My anxiety has dissolved like a sugar cube in hot tea this week.⠀

My experience of peace has dialed way up. If I drop into something that doesn't feel good, I bob right back out again. Almost effortlessly. In the past, where the past was a week ago, if I got knocked out of my feeling-good place, I would have to work damn hard to regain it.⠀

It's like everything I've been practicing and working for has finally clicked into place - like all the power tools I've been frantically throwing in my mental health toolbox finally got plugged in and turned on and now they work the way they're supposed to.⠀

Nothing about this time makes sense. Everything my past experience has taught me says that I should be dragging and / or feeling all the things and / or panicking.

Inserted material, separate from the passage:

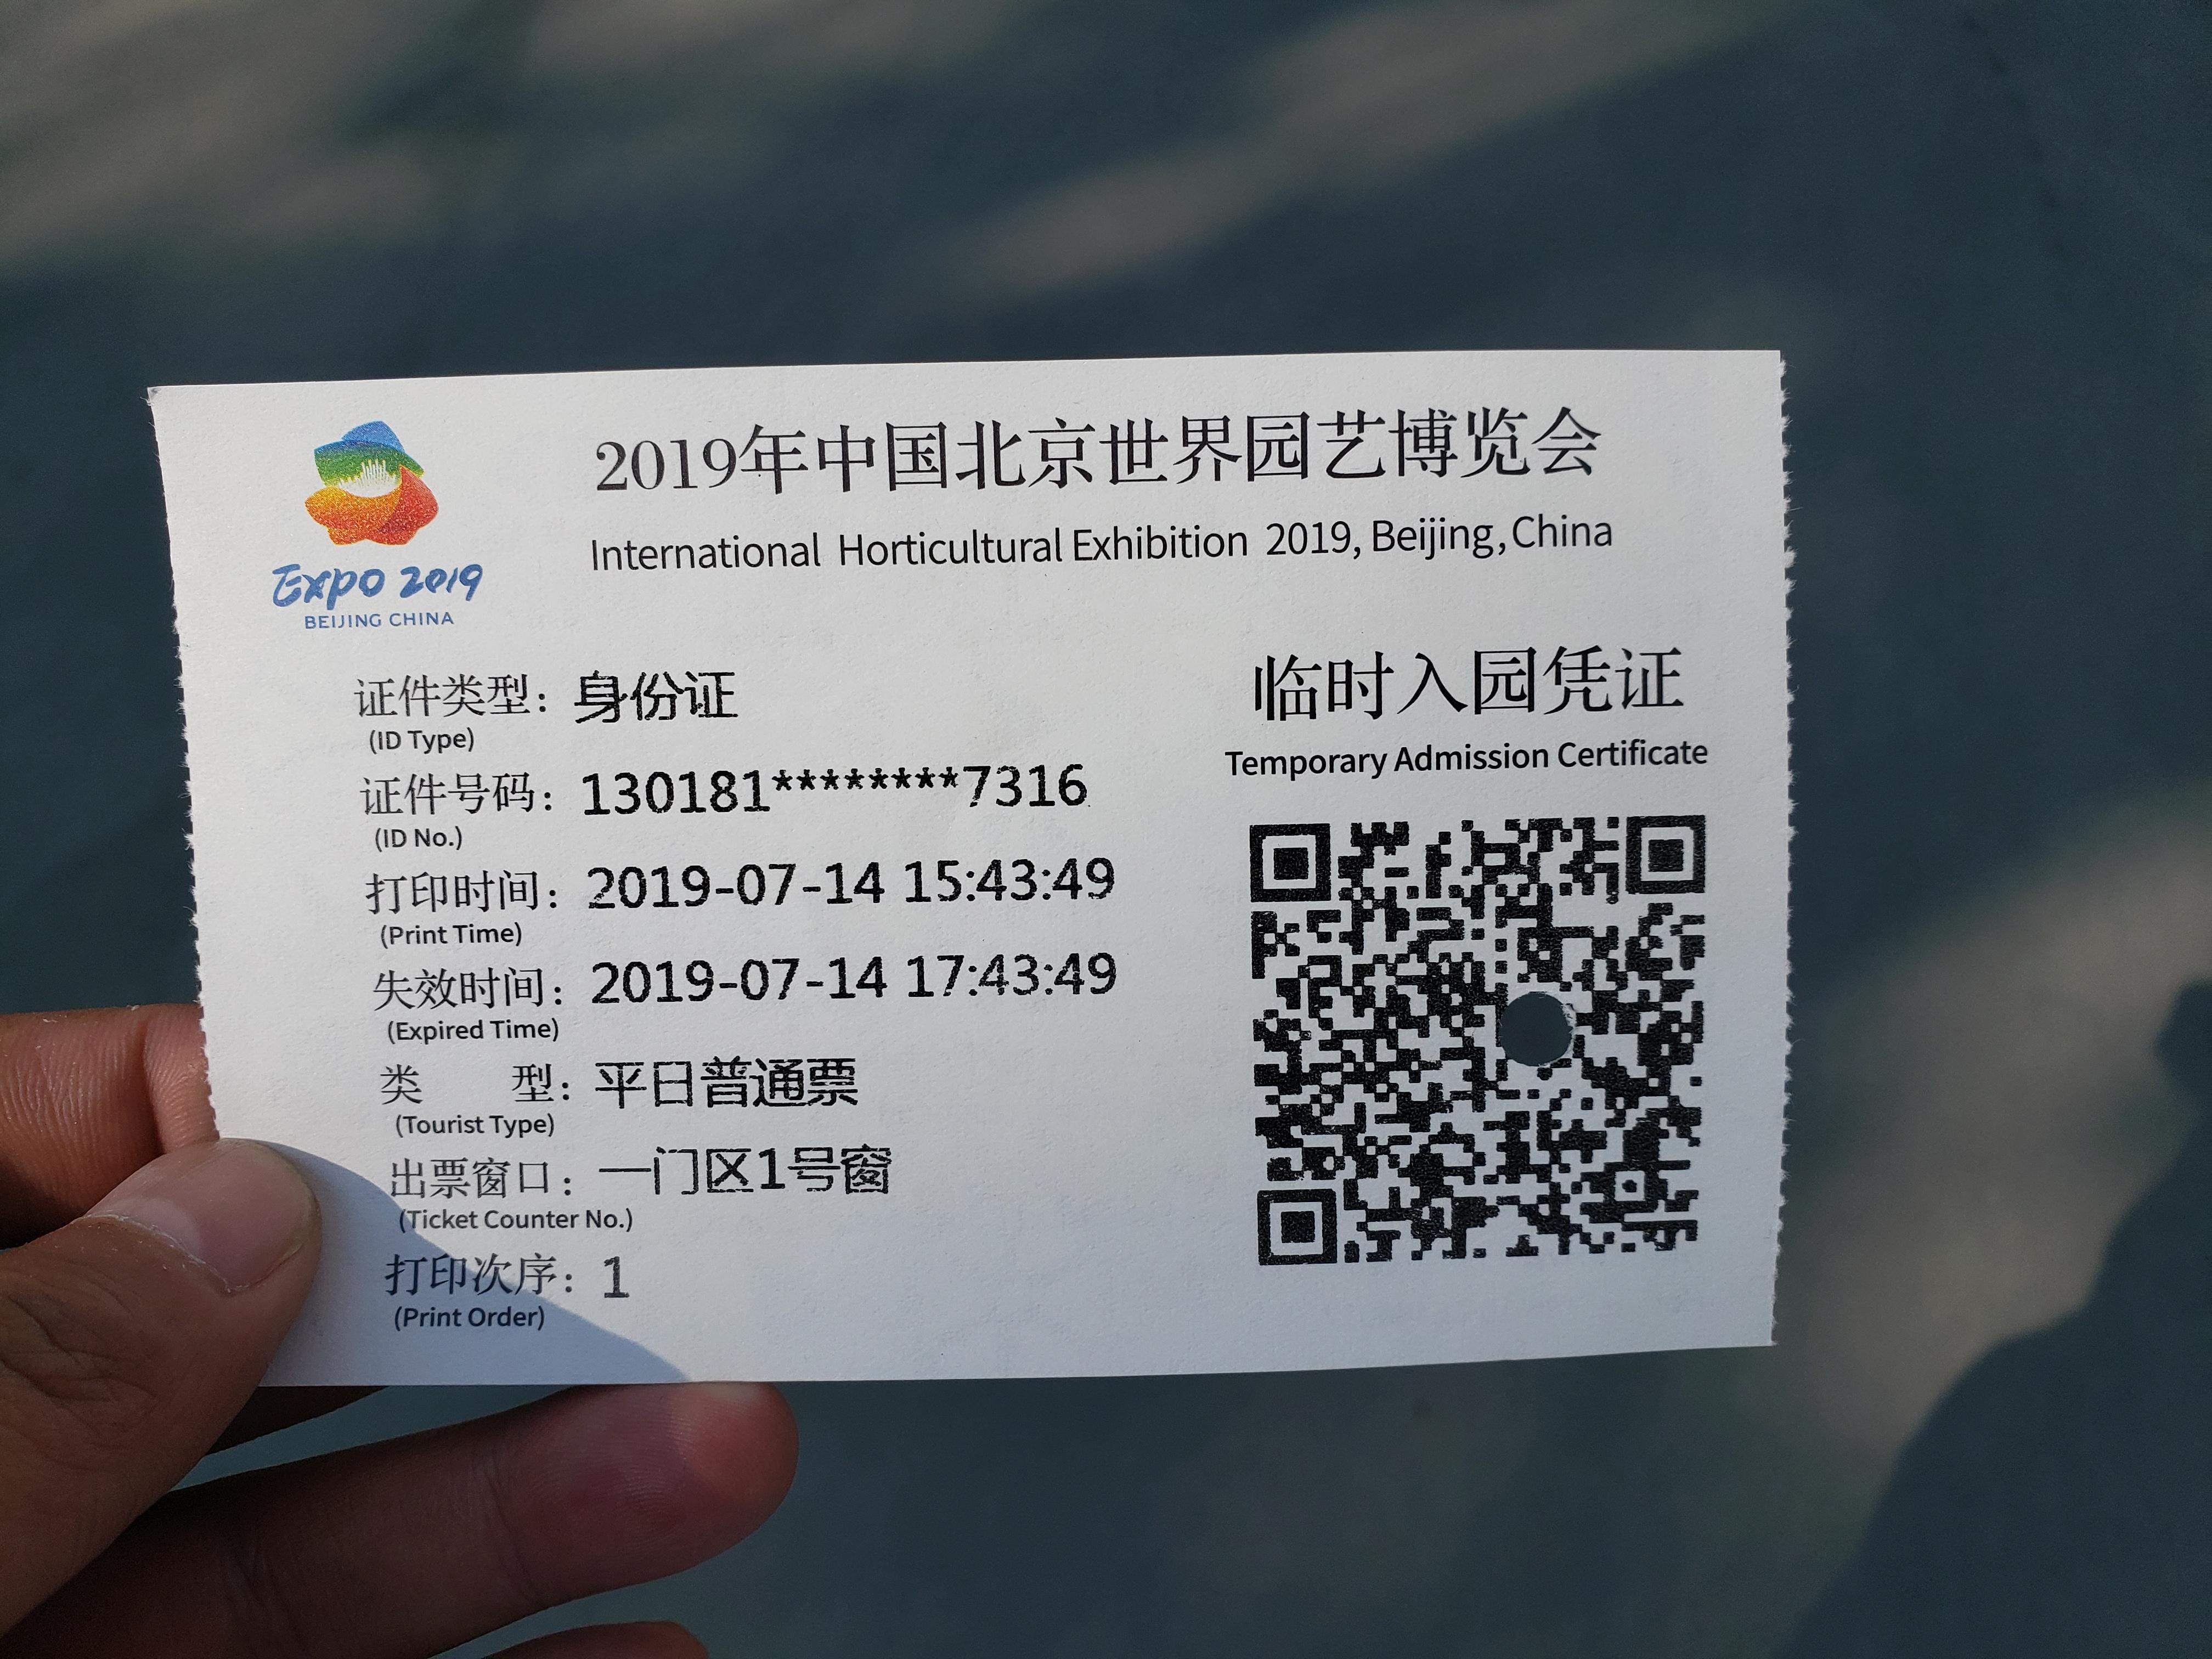 首汽环球北京世园会大巴租车,首汽租车电话_4006222262-首汽环球

Instead I feel like lightning is coursing through me. I feel energized and able to get things done without my usual rounds of second-guessing. In this moment, I feel happy, energetic, and stable. Which is not what I would expect from global pandemic energy.

It doesn't make sense, but I don't need it to make sense. If it lasts, I will be thrilled. If it doesn't, I know that Feeling Peaceful For Five Whole Days In a Row is something that exists in this world.⠀

Or maybe this is something else. Maybe this is ascension. Maybe 5D is already here. Maybe this isn’t what we believe it to be. Or maybe I’ve just used up all my anxiety and fear for one life time already and so now I get a break.

Honestly, I don’t know. My job right now seems to be to stay in the moment, roll with and enjoy what is, and let things unfold.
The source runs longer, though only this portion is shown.